От футуризма 1930-х до фатализма 2020-х: десять эффектных образов грядущего в культовых фантастических фильмах.
От футуризма 1930-х до фатализма 2020-х: десять эффектных образов грядущего в культовых фантастических фильмах.
Одинокая раненая девушка, которая не помнит ни собственного имени, ни краха мира, пересекает заброшенный город; по ее стопам следуют военные патрули. Брат и сестра — он в инвалидной коляске, она не в себе — ищут способы покинуть постапокалиптическую пустыню, жестокую к редким еще живым людям; все безуспешно. Муж и жена трагически отдаляются друг от друга под давлением кастового, до бесчувствия регламентированного общества. Горят города. Бунтуют машины. Ветер разносит обрывки прежней, современной нам цивилизации, и почти никому из выживших нет дела до этих обесценившихся артефактов ушедшей эпохи.
Иллюстрация: Степан Липатов, Варя Фомичева
Все это детали сюжетов культовых научно-фантастических фильмов — и все они, скажем прямо, не то чтобы излучают оптимизм. Куда делись надежды и мечты времен индустриальной эры и начала космической эпохи? Почему в кинематографе, искусстве, как будто идеально подходящем для производства самых невероятных грез, утопический импульс почти всегда подменяется образами дистопии? Из-за чего обращенные в будущее фантазии режиссеров и сценаристов так часто сводятся не к лучшим, более справедливым и прогрессивным моделям общества и мироустройства, а к апокалиптическим предупреждениям и тревожным видениям перманентного кризиса?
Фредрик Джеймисон, один из современных мыслителей, наиболее развернуто и серьезно занимавшихся темой утопии и жанром научной фантастики, считал, что ответ на подобные вопросы кроется в неверном взгляде на них. Вопреки стереотипическому представлению о сай-фае, считал Джеймисон, подлинным, неотъемлемым качеством этого жанра является вовсе не его способность представлять будущее — а, напротив, потенциал для того, чтобы раз за разом, снова и снова свидетельствовать о невозможности по-настоящему вообразить грядущее. Фантастика, таким образом, становится максимально доходчивым и убедительным средством продемонстрировать и отрефлексировать пределы человеческих возможностей.

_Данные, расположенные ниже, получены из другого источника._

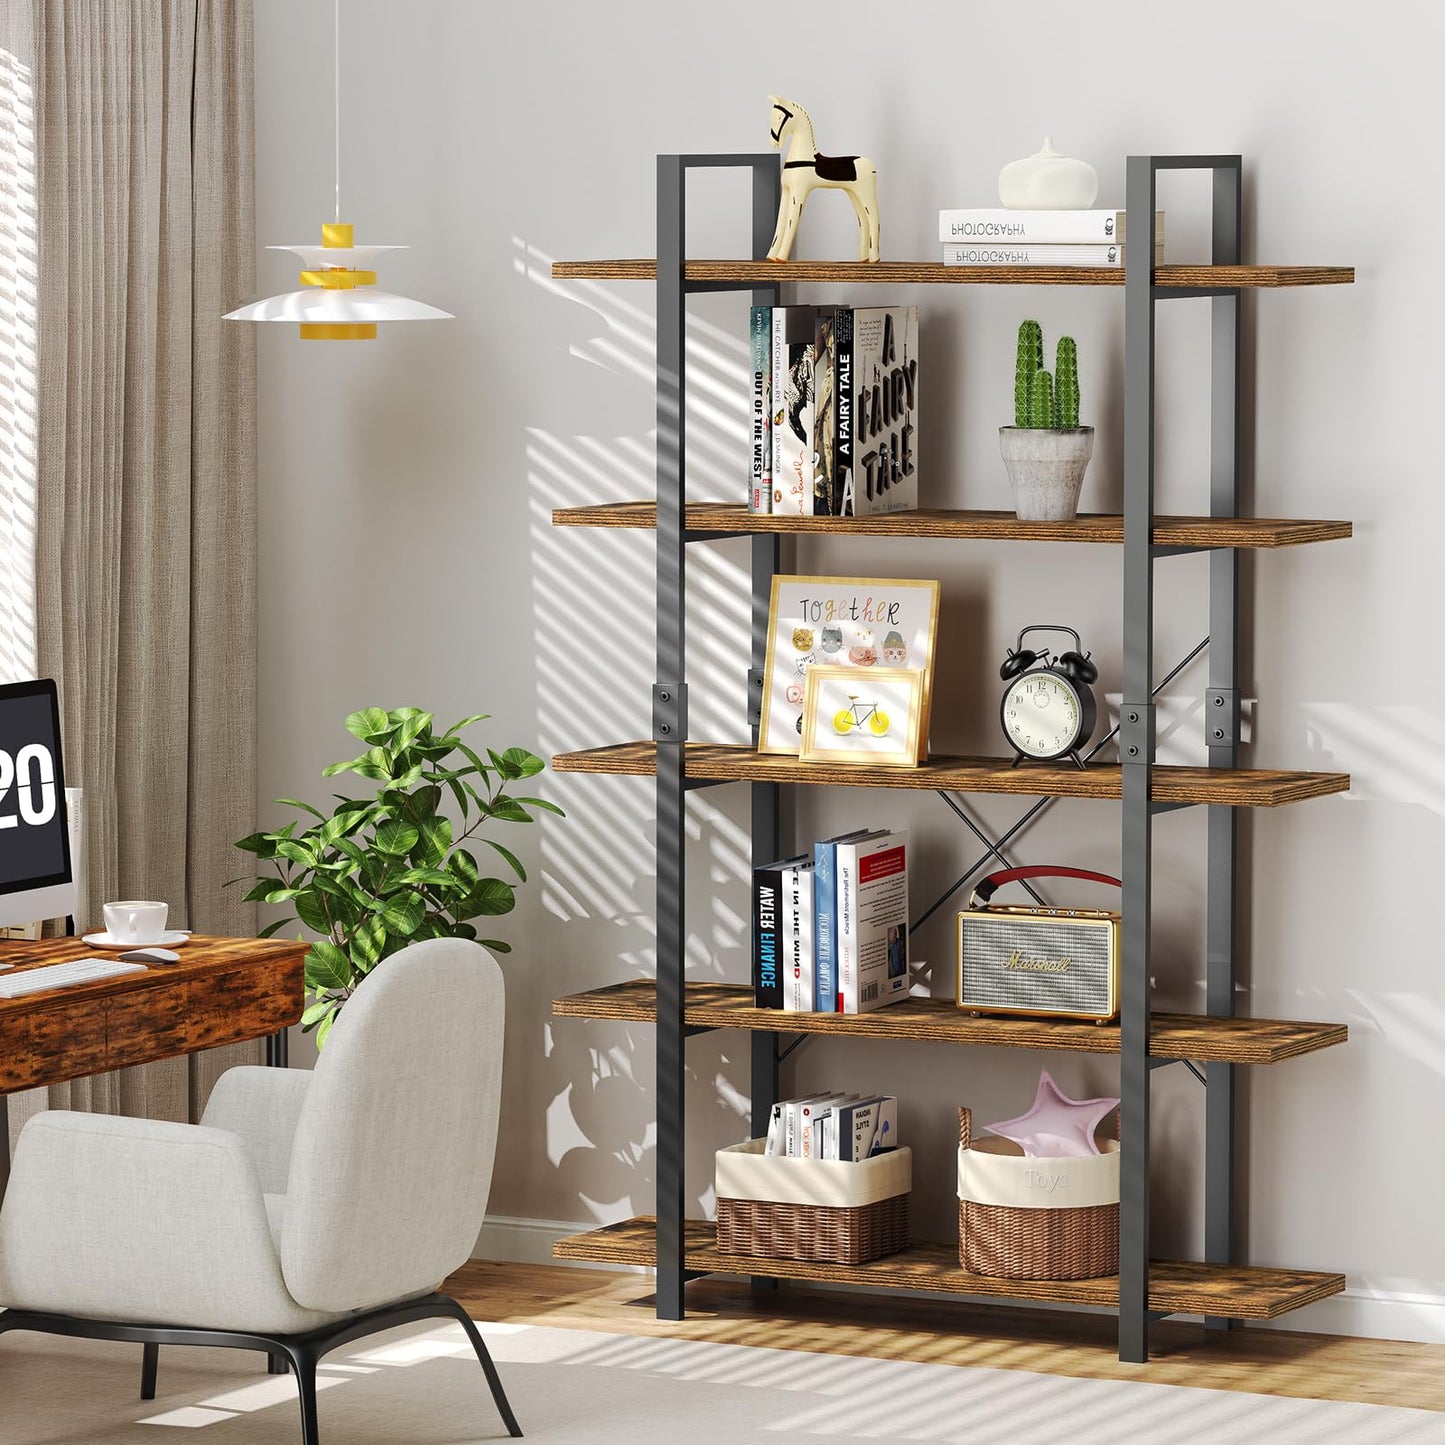 FRAPOW 5 Tier Bookshelf, 70 inch Tall Solid Bookcase Industrial Wooden Bookshelves Large Wall Etagere Rustic Vintage Book Shelf with Metal Frame Open

В этом контексте логично предположить, что, несмотря на представление о фантастике как о низком, развлекательном жанре (что может быть справедливо для подавляющего большинства американских и современных российских сай-фай-фильмов, в которых проступает та или иная идеологическая основа), она нередко может быть и интересным пространством для выражения идей режиссеров авторского кино.
Более того, часто в их руках даже футуристический пессимизм перестает быть идеологизированным: он служит не столько выражением параноидального страха перед регрессом человечества или доминированием воображаемых тоталитарных обществ, как в голливудских дистопиях, сколько попыткой дойти до пределов коллективного воображения и хотя бы очертить те границы, на которых мечта о лучшем будущем сталкивается с системными, культурными и идеологическими барьерами, не позволяющими этой мечте обрести по-настоящему радикальную и новую форму.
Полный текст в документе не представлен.